The experience of trying to turn a pension pot into retirement income is currently “horrible” amid a web of different, disparate systems, fintech experts have warned.

Speaking at a session on technology and digitisation at Pension Administration Standards Association (PASA) Annual Conference, WealthOS chief commercial officer, Shri Krishnansen, noted that the at-retirement experience is going to see greater focus over the coming years.

“Pension schemes are entirely designed to provide an income but, at the moment, the experience of trying to turn a pot of money into income is horrible right now,” he stated. “It’s a web of different systems, it’s slow times to get your money out.”

Krishnansen said there were often complaints that people could not access their own pension money efficiently due to the range of different systems used, a lack of straight-through processing, and a lot of manual interventions.
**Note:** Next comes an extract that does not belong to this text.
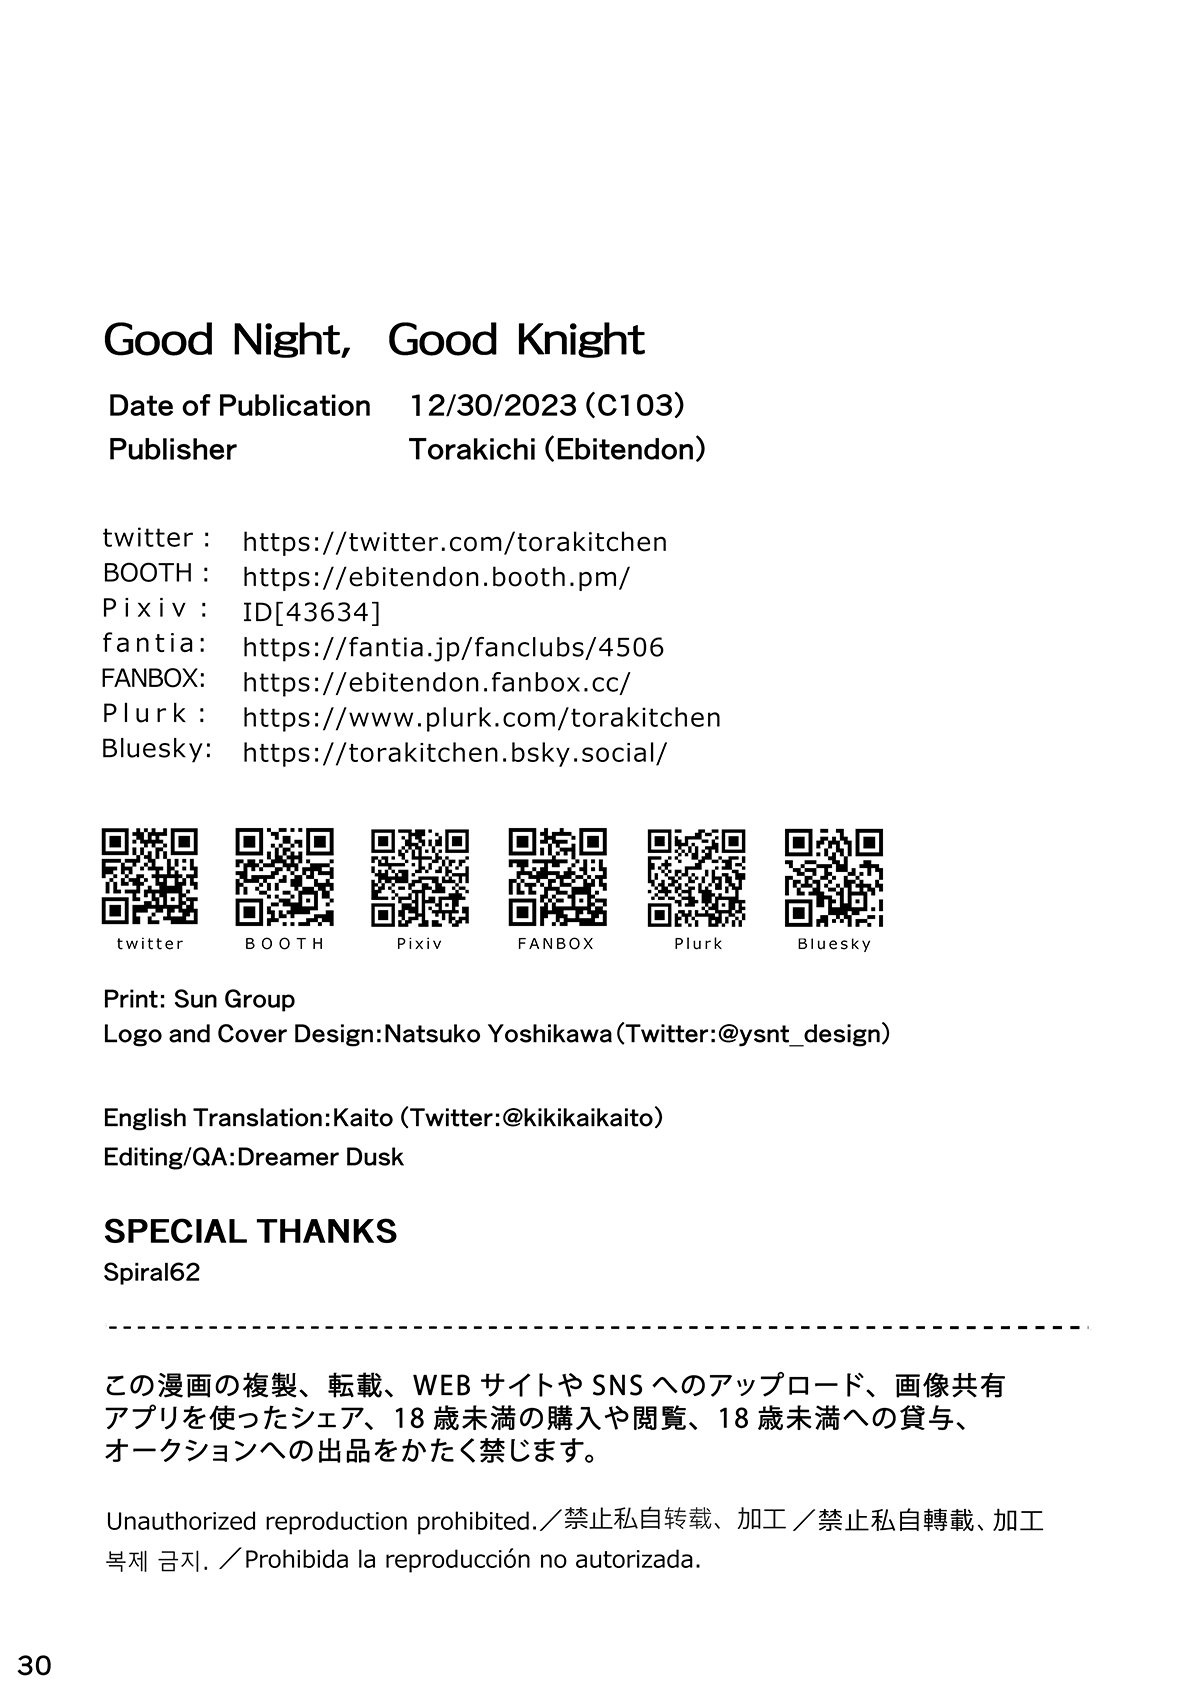 Good Night, Good Knight - Foto 29

“These are strangely very common in an industry that should be more digital,” he continued.

“There’s some great work and some focus on improving it in the accumulation phase, but when it comes to the drawdown side of things, it’s abysmal.

“I think a lot of that is because people are trying to run marathons without getting the core physique and structure of standing right, making sure you have a solid backbone of infrastructure that’s all on a single system.”

Also speaking on the panel was Bravura solutions architect, Catherine Economides, who stated that the digital experience for pensionholders was sometimes “quite weak”.

She clarified that this experience was not felt across the board and there were some in the industry that were worse than others when it came to digitisation.

“We did a bit of research last year, and the 18-25 year olds said they would be much happier to engage with their pension if it was presented to them in a really meaningful and accessible way,” Economides said.

“We potentially need to make it more targeted for those individuals. So, instead of taking a blanket approach, maybe look at the phases. Just trying to focus a bit more on individual pensionholders could help us out in that respect.”

Bravura propositions lead, Jonathan Hawkins, added that the industry had got to a point where there is some really good technology, but also some “really shocking” technology.

He noted that, as the sector is long term by nature, technology had been built up over a long period of time.

“Data has been picked up and moved, and when you pick up and move data it’s a bit like a jigsaw, you lose little bits of it,” Hawkins noted. “So, what we’ve got is a set of systems that have built up a patchwork. We’ve built things around the outsides to make things work.

“That leaves us in this precarious position where we have things like pensions dashboards that come along, and we end up having to reinvent things, we end up having to do workarounds, we worry about our data quality.

“There’s a lot we’ve got right over the years, but we’re at an inflection point now where technology is really nipping at our heels.”